Evaluation of the importance of hydrophobic interactions in drug binding to dihydrofolate reductase

Abstract

The interaction of dihydrofolate reductase (DHFR) from Escherichia coli with drugs such as methotrexate (MTX) and 2,4-diamino-6,7-dimethylpteridine (DAM) has been studied by means of site-directed mutagenesis, fluorescence spectroscopy, and steady-state as well as transient kinetics. A strictly conserved residue at the dihydrofolate binding site of DHFR, phenylalanine-31, has been replaced with tyrosine or valine to ascertain the importance for binding of this hydrophobic amino acid, which interacts with both the pteridine ring and the p-aminobenzoyl moiety.
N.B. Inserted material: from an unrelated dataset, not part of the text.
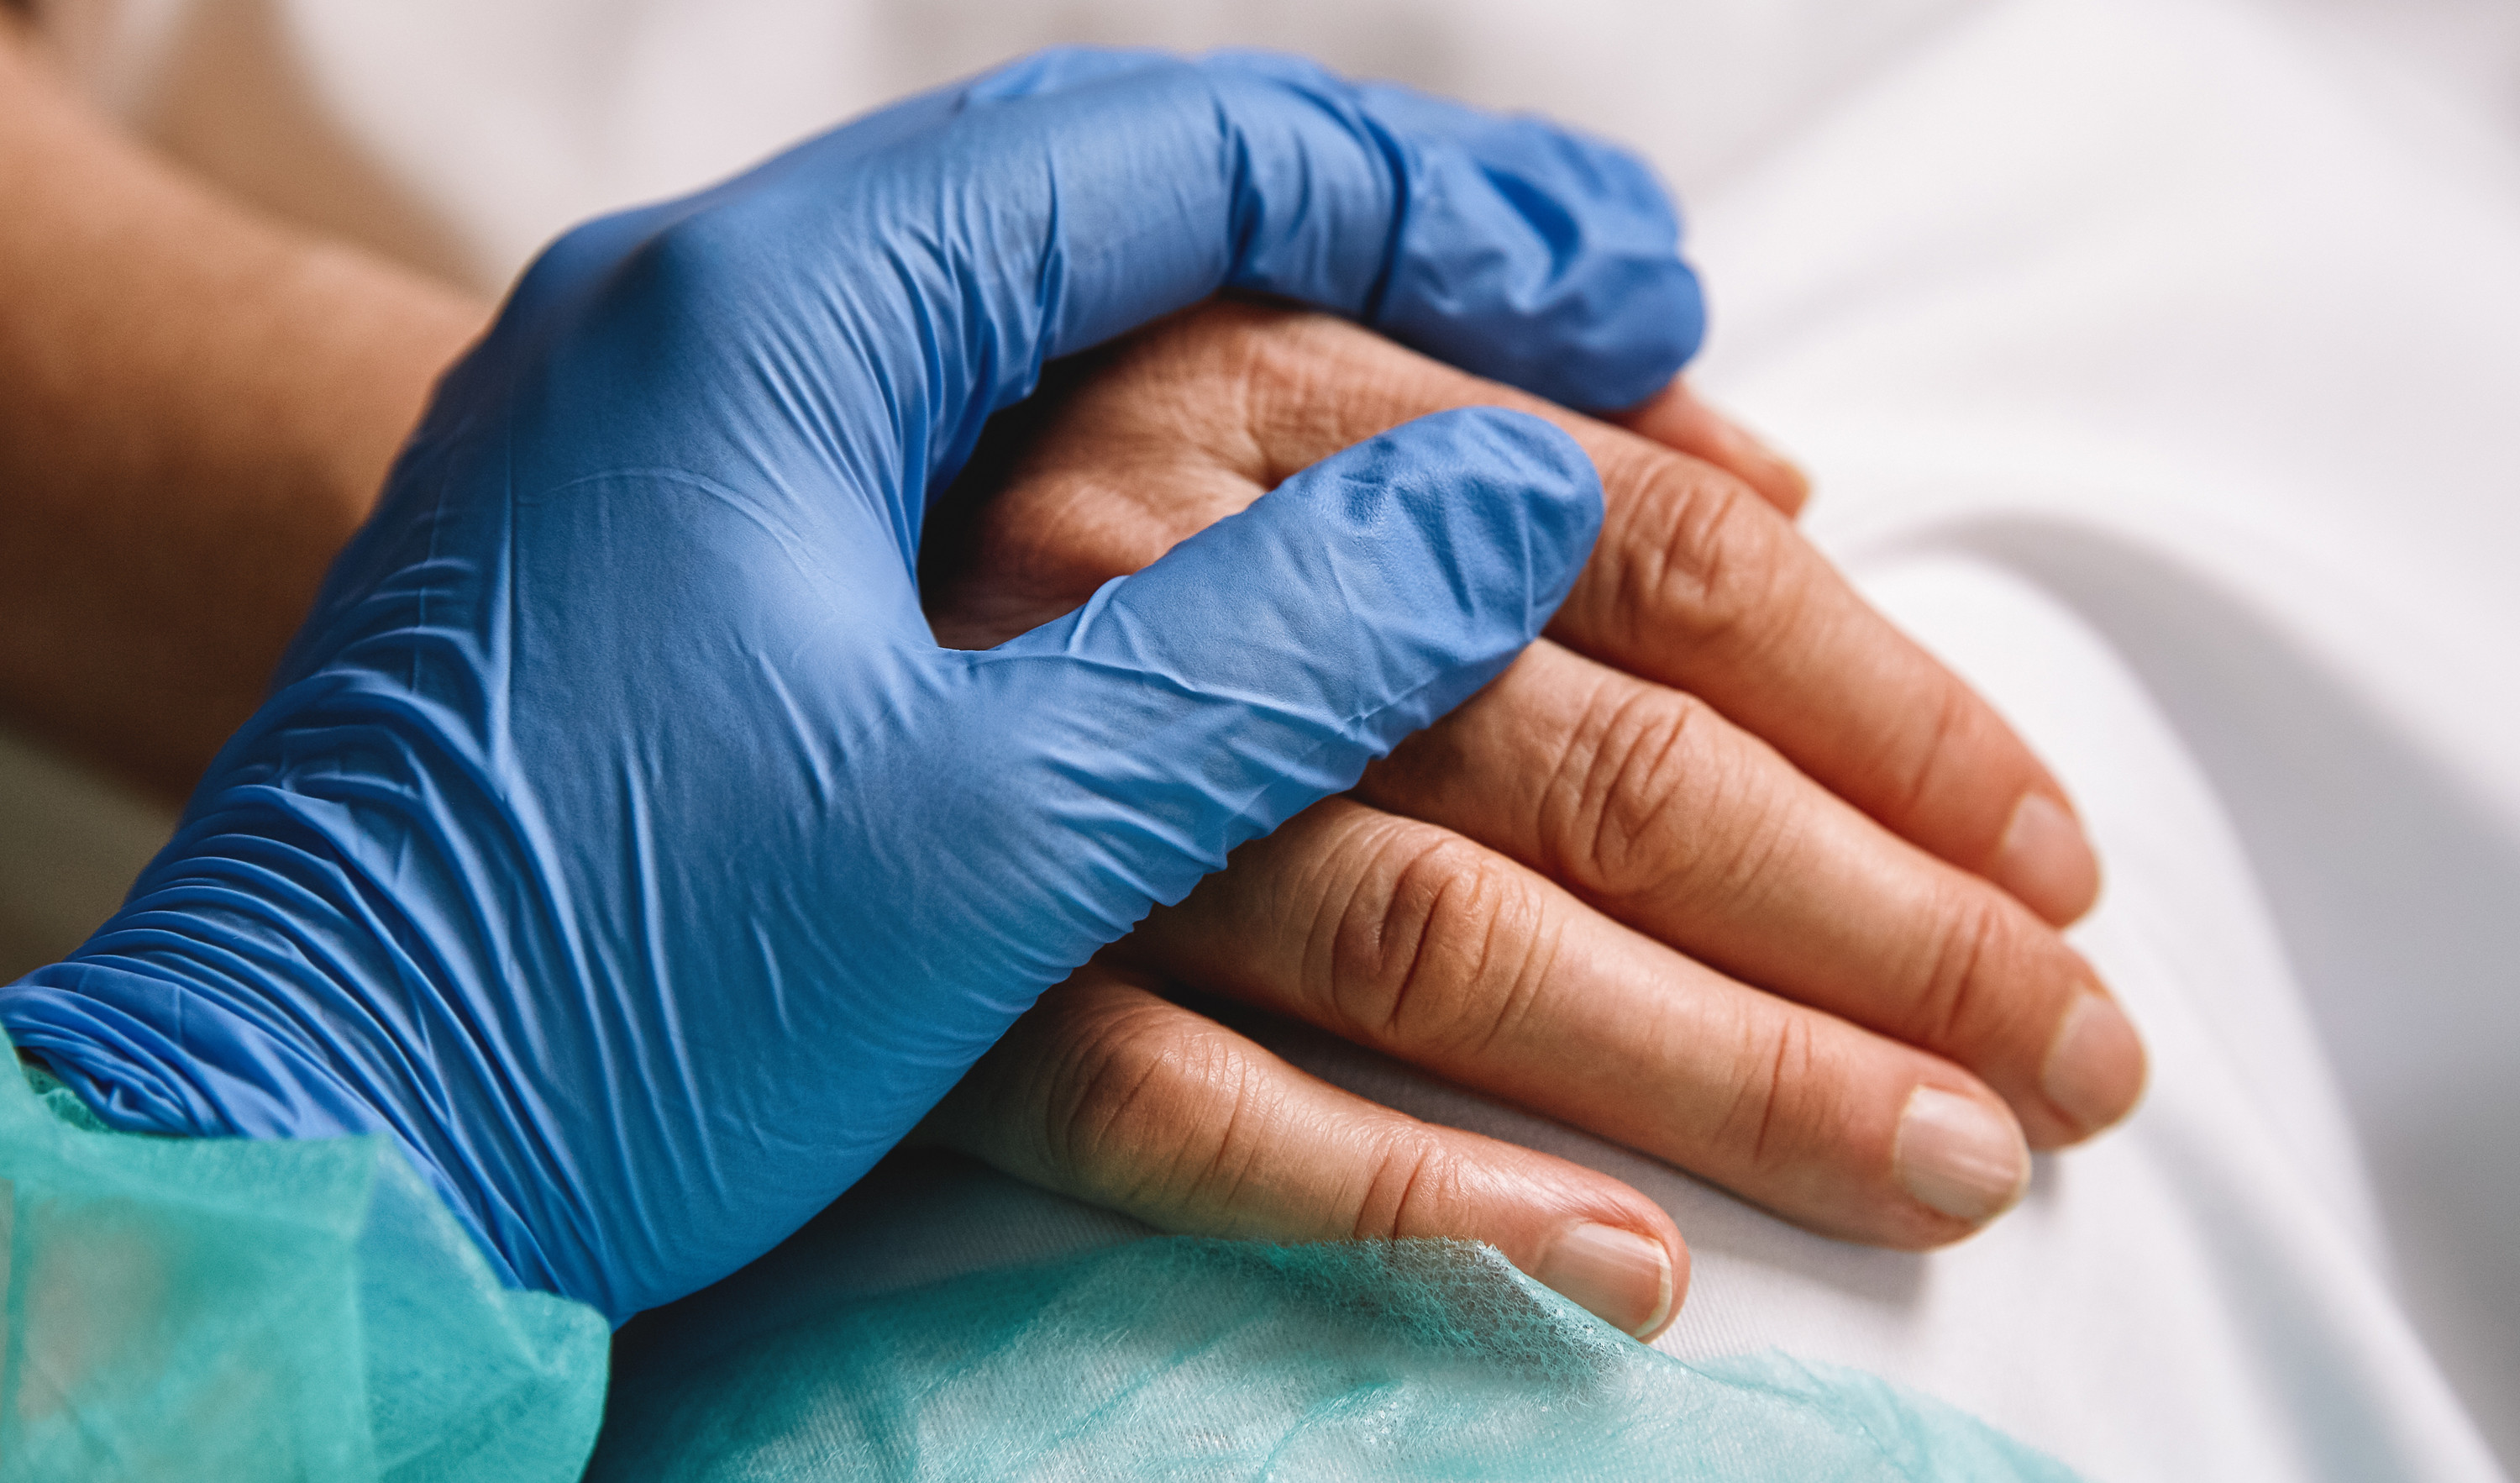 Gloved hand of nurse holding patient's hand

The first mutation (Phe-31 .fwdarw. Tyr) has a minimal effect on the binding of the classical inhibitor, DAM. On the other hand, the second mutation (Phe-31 .fwdarw. Val) has increased the dissociation constant of DAM from the DHFR-NADPH-DAM ternary complex over 150-fold (> 3 kcal/mol). The dissociation constant of DAM from the (Val31-DHFR)-DAM binary complex was too large to be measured fluorometrically. More importantly, these mutations have decreased the overall tight binding of MTX, from 100- to 140-fold (corresponding to a loss of binding energy of 2.2-2.4 kcal/mol) for the Tyr-31 and Val-31 mutants, respectively. These results indicate that hydrophobic interactions between MTX and DHFR are at least as important as formation of the MTX-DHFR salt bridge in the tight binding of MTX.